Fruit trees on Inari must adopt a different survival strategy from those on earth. The digestive enzymes in a full-absorption system would break apart and destroy the seeds of most earth fruit, and the seeds of non-fruiting plants are rarely safe. In a typical Inari fruit seed, the embryo is protected by two additional layers outside the normal seed coat; a thick coat that is slowly worn away inside an animal’s stomach, and only fails hours after the rest of the fruit is gone, and inside that a toxic layer which induces regurgitation of the seeds. In some fruit eaters, seeds simply accumulate in the stomach over the course of a day or night, or even over weeks, and are regurgitated before the animal’s feeding cycle resumes. Even so, seeds frequently have small cracks which allow their destruction. Nevertheless, fruit is a common food source for animals in Inari’s rainforest canopy.
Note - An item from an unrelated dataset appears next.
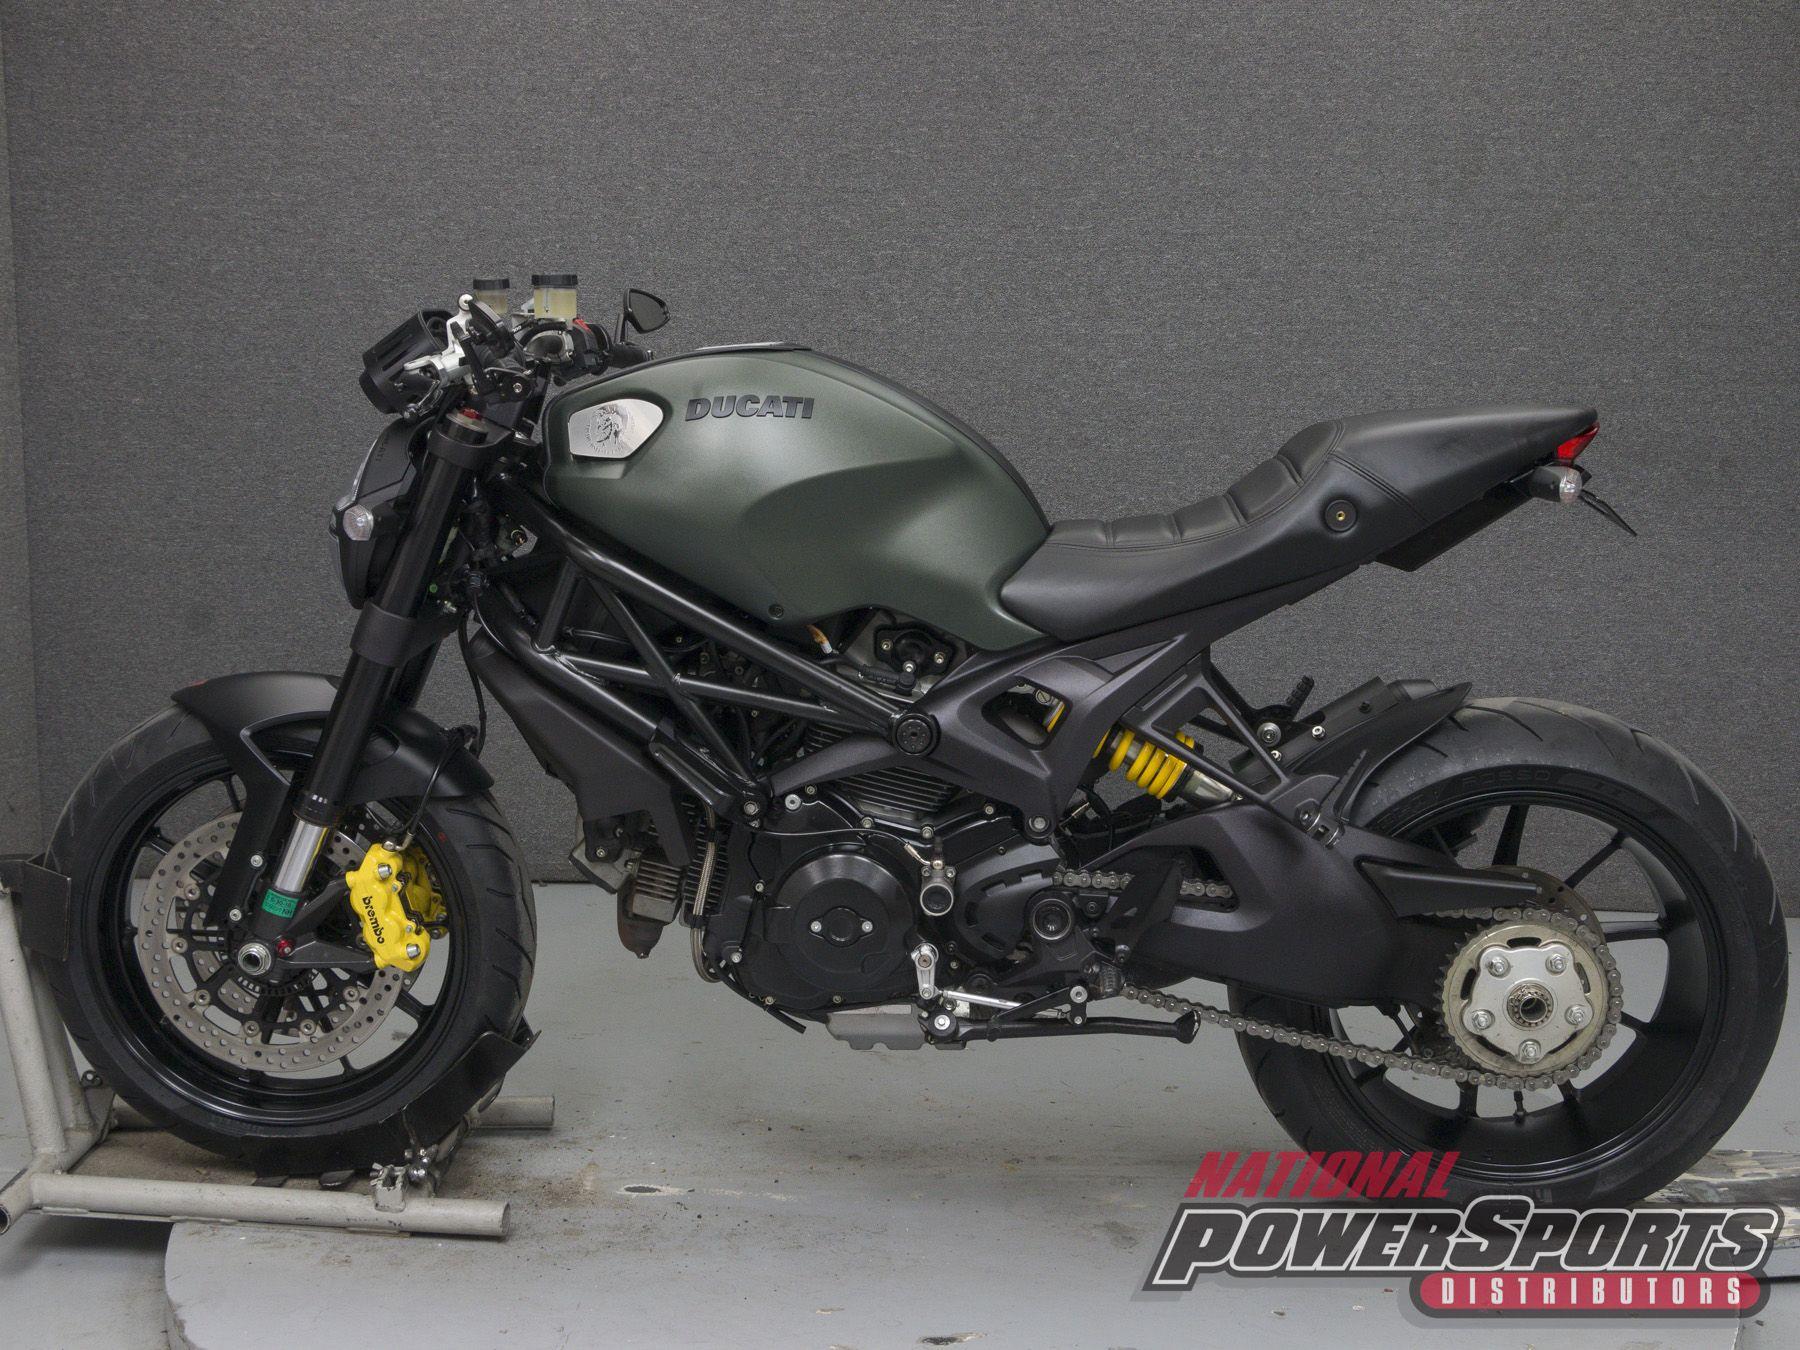 2013 Ducati Monster 1100 Evo Diesel Ducati Monster Monster 696 Ducati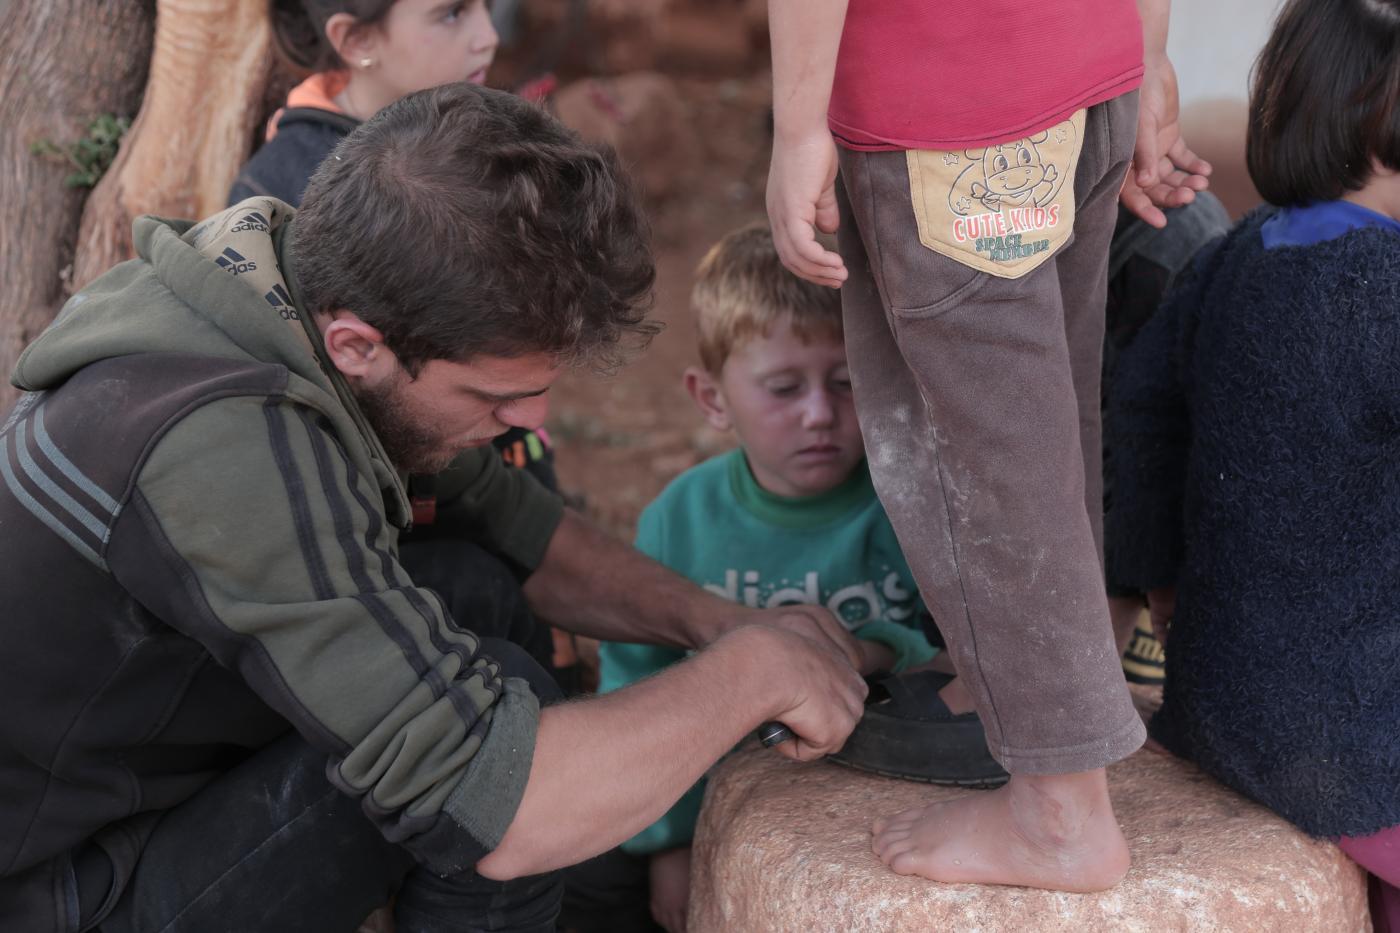 بالصور: رجل سوري يصنع أحذية من الإطارات للأطفال النازحين

Fruit-eaters are common, and any one tree will become depleted, forcing the herbivores to move on, often carrying seeds nearly a mile. Fruit that falls to the ground is a perfect food for animals on the forest floor; not just butterflies eat it; scavenging arthropods, rodents, some avians, and ungulate mammals will all come for their shares. The forest floor and understory have relatively little vegetation, but shade tolerant shrubs and vines can still thrive, and in areas where the trees are a little less dense, form a jungle of dense undergrowth. Fungi are also common, but the probing roots of the trees themselves show similar behavior, growing over and through carcasses and digesting them.